Namibian shares both the same sire and place of birth as the Derby and Arc winner Golden Horn, being a son of Cape Cross and having been born and raised at the Hascombe and Valiant Stud.

A progressive three-year-old in 2011 when trained in Middleham by Mark Johnston, Namibian followed up his victory at Royal Ascot with the defeat of the subsequent Melbourne Cup winner Fiorente at Goodwood.

However, a bout of colic and another setback led to two years off the track and then an unsuccessful spell hurdling, after which he was moved to Newmarket to begin his retraining.

Namibian only started competing on the para-dressage circuit last March, but by July had already been selected for the Concours Para-equestre de Dressage International 1*, where horse and rider are required to have averages of sixty-four per cent and above in specific tests to even be considered by the selectors. To date he has finished in the top four in every test he has done.

“To come from racing and turn to dressage is one thing, to turn to para-dressage at international level is another and it will take time,” says Julie.

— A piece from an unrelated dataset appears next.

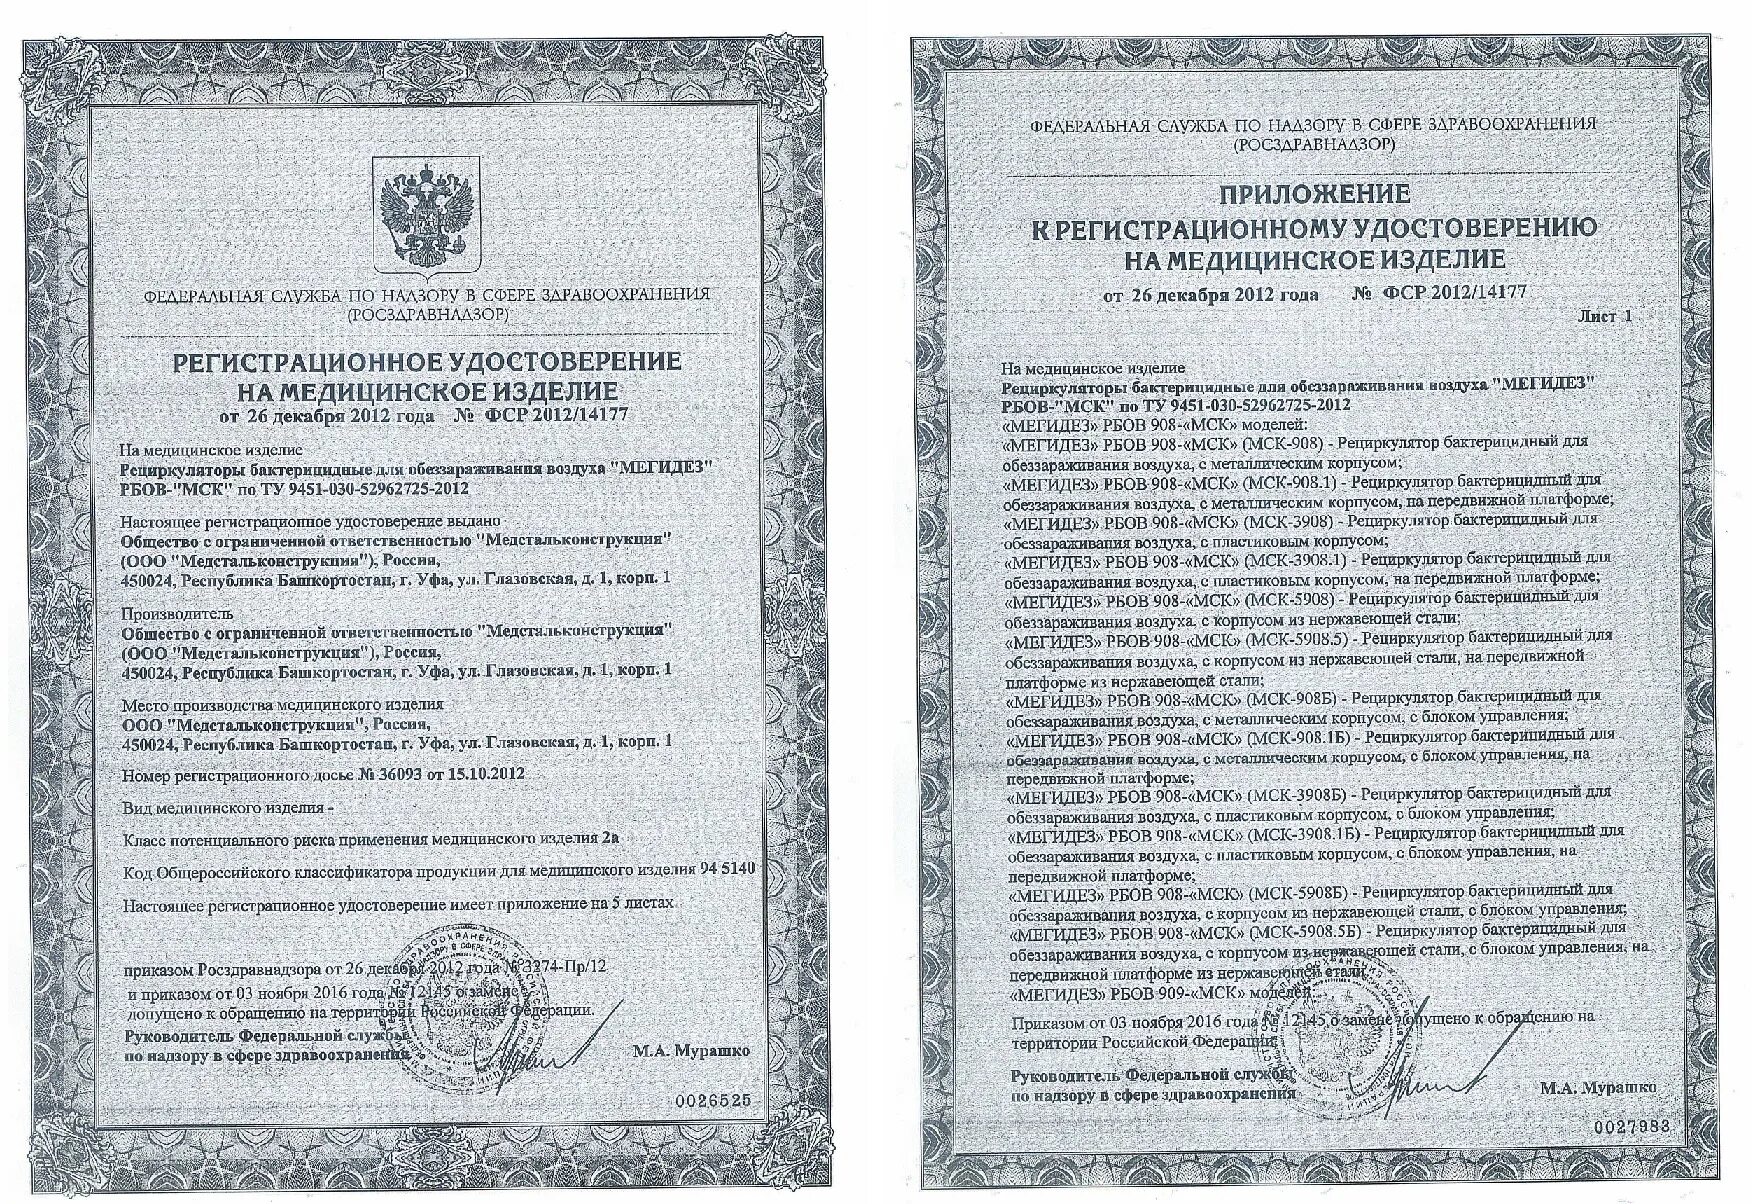 Https roszdravnadzor ru services licenses. Облучатель-рециркулятор мегидез РБОВ 910-МСК (МСК-910.1). Облучатель-рециркулятор мегидез РБОВ 908-МСК (МСК-908.1).

“My initial aim with him is to contest the national titles that I won on Crazy Diamond and to be selected to represent Great Britain at 1* and 2* level. Developing him up to advanced dressage levels is ambitious but I am in no doubt he has the brain and athleticism to do it.

“Whether today or ten years from now, my goal is ‘that feeling’. That feeling of sitting on a horse who is happy to work and happy in his work, the friendship and the partnership is the priority. To then be able to show that in a competitive arena is just a bonus.”